Dr. Allen opens the door and waves me in. “I have time. Come inside.”

I follow him through the lobby and back into his office. I don’t sit, but start pacing again instead. Dr. Allen sits though, and watches me.

“What’s the matter, Wyatt?” he asks finally.

“I should’ve gone with her,” I say impatiently.

“Gone with who where?”

“With Lucy to her father’s beach house.”

“Lucy’s the girl whose father recently died, yes? The girl you’ve been seeing.”

“Yeah.”

“And why didn’t you go with her?”

“Because I got drunk a few days before we were supposed to leave after Willa confronted me about my grief. Lucy helped me realize that I needed to start seeing a therapist again. And we both decided that it would be best if we took a break while we figured our crap out. But I don’t want to take a break anymore. I want to be with her. And I know we haven’t been together that long, I’m not naive. But I also know that life can be so incredibly short and what’s the point of living it if you’re alone? If you don’t have people who fight for you, who sit in your mess with you?”

Dr. Allen is quiet and I turn to face him, breathing heavily.
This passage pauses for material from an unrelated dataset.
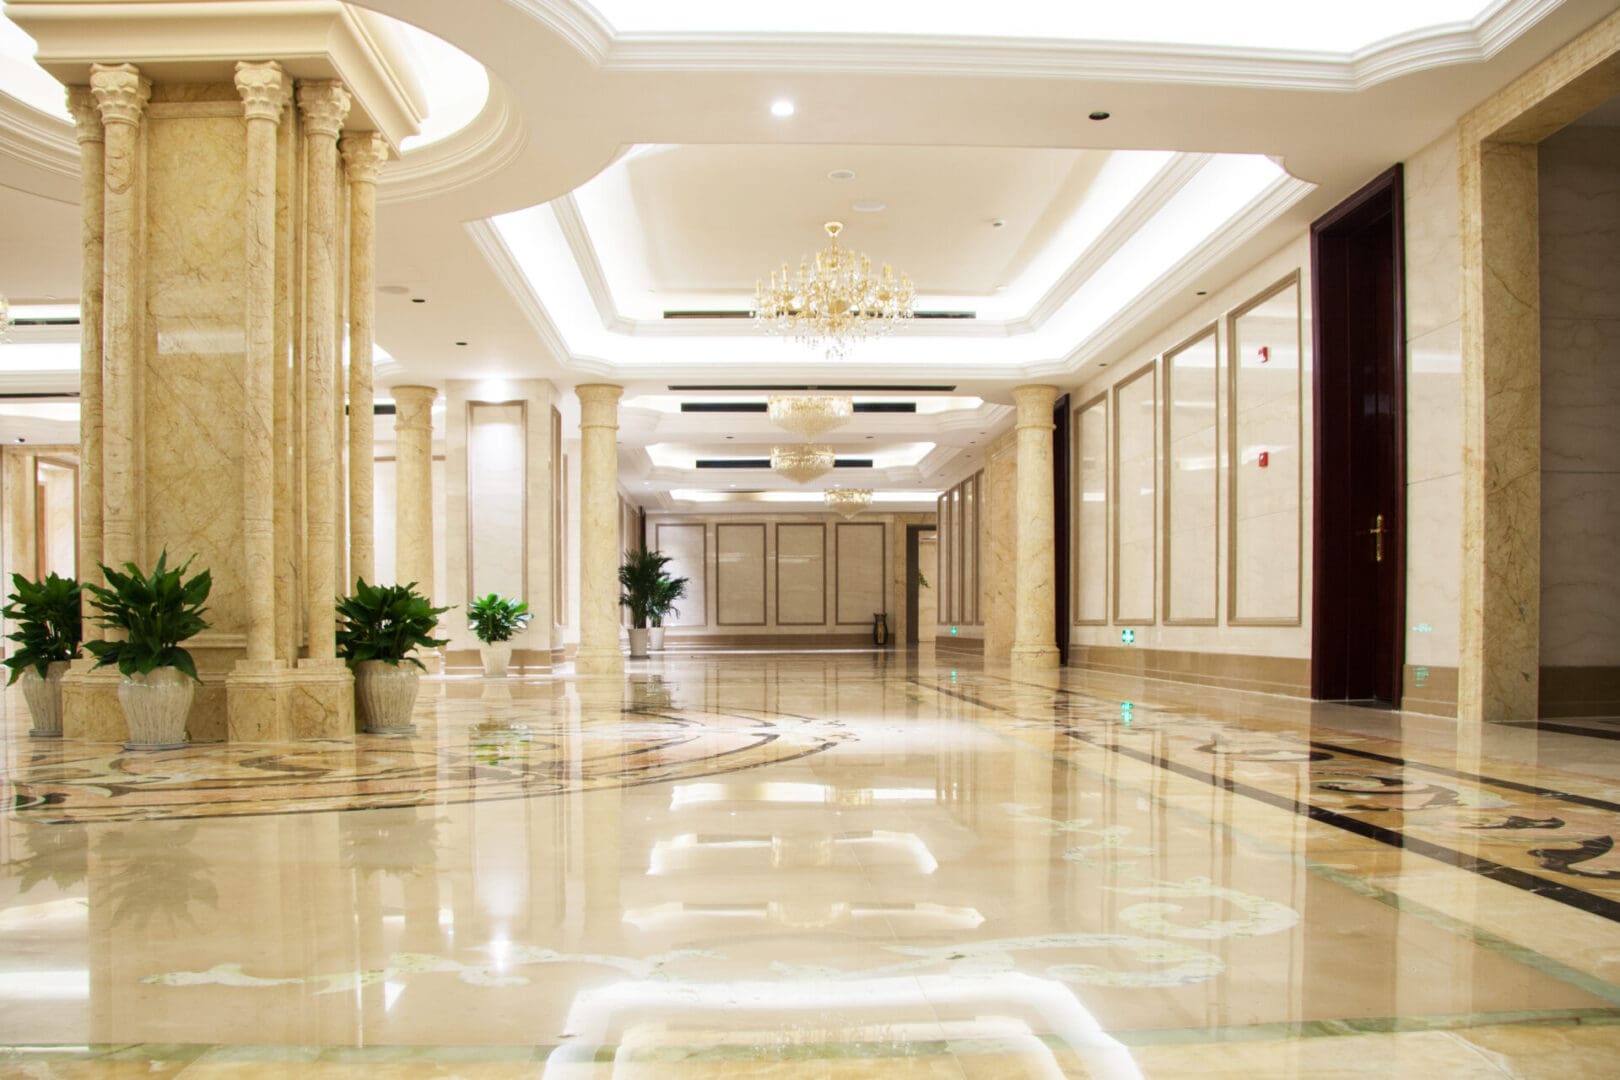 A large hallway with pillars and lights in it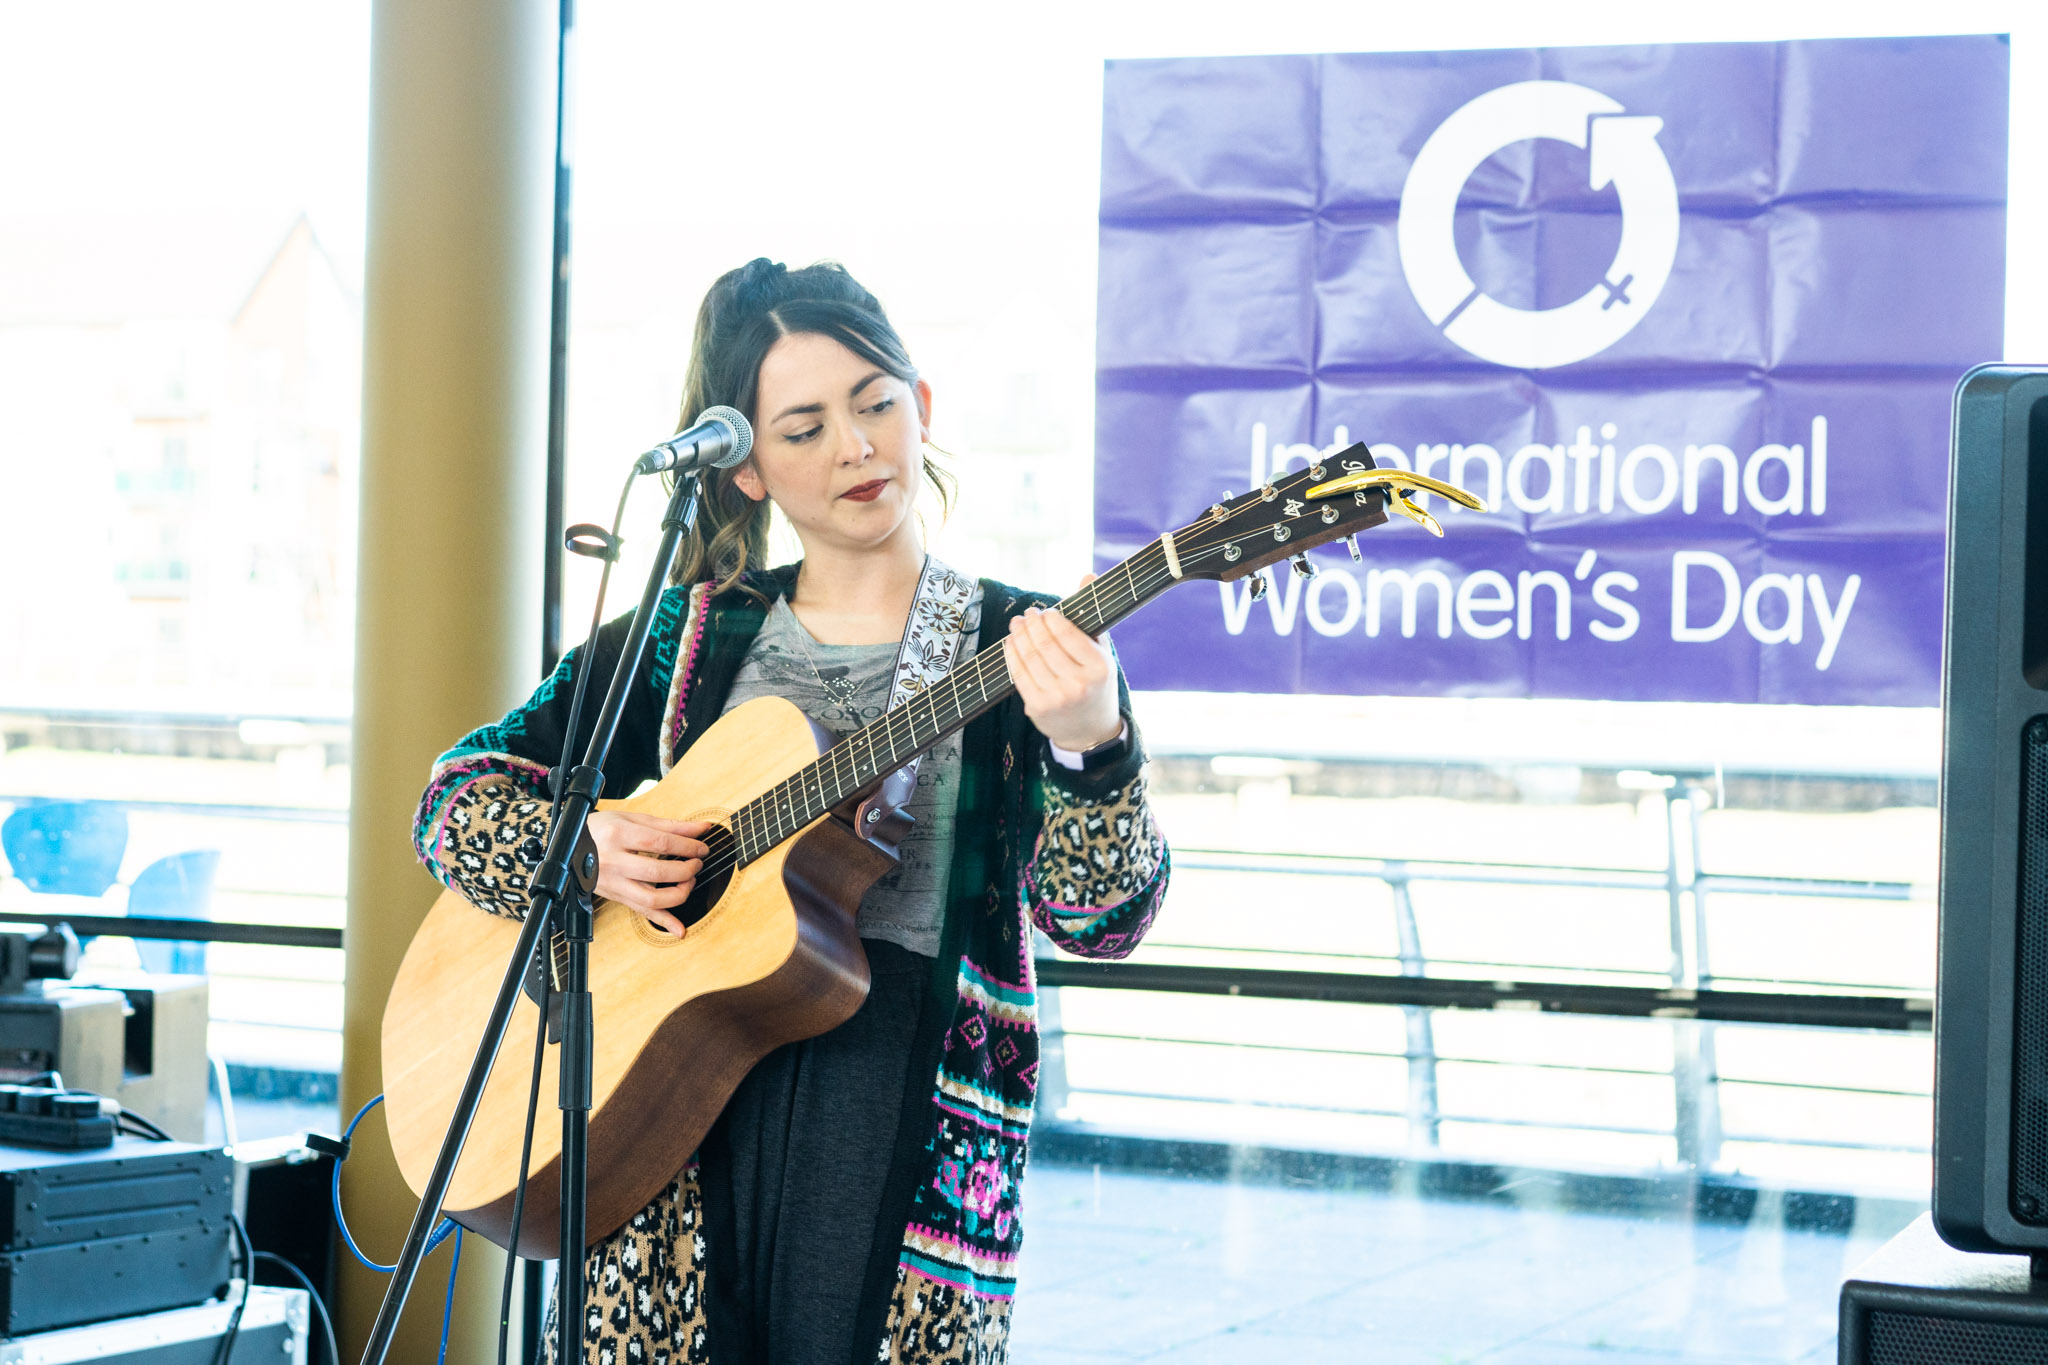 lady with a guitar performing in from of a purple IWD flag

“Well?” I ask, exasperated.

“Well, what?”

“Help me!”

“What do you want me to do, Wyatt?”

“I want you to tell me to go to her! I want you to tell me that it’s okay to be a little broken, but also a little put back together. I want you to tell me that I won’t mess up her life any more than it already is. I want you to tell me that it’s going to be okay!”

“I can’t do any of that, son.”

“What good are you, then? Why am I even here?”

“If you really wanted to, you’d be on your way to her right now. I think you’re here, Wyatt, because of you. Not her.”

“What?”

“What’s really going on, Wyatt? Because I think this little outburst is a trigger for something deeper.”

“That’s not what this is. I just . . . I feel like I have to be there for her. I can’t let her be alone.”

“Why?”

“Because she needs me!”

“Does she need you or do you need her?”

“I . . . of course I need her. One minute she’s here telling me that she’s not going anywhere, that she’ll wait for me, and then the next she’s gone. She’s gone and she’s not coming back. And I can’t . . . I can’t breathe without her here.”

Dr. Allen stands and walks to me. Tears are falling fast down my cheeks and my chest is heaving.

“We’re not still talking about Lucy, are we?” he whispers.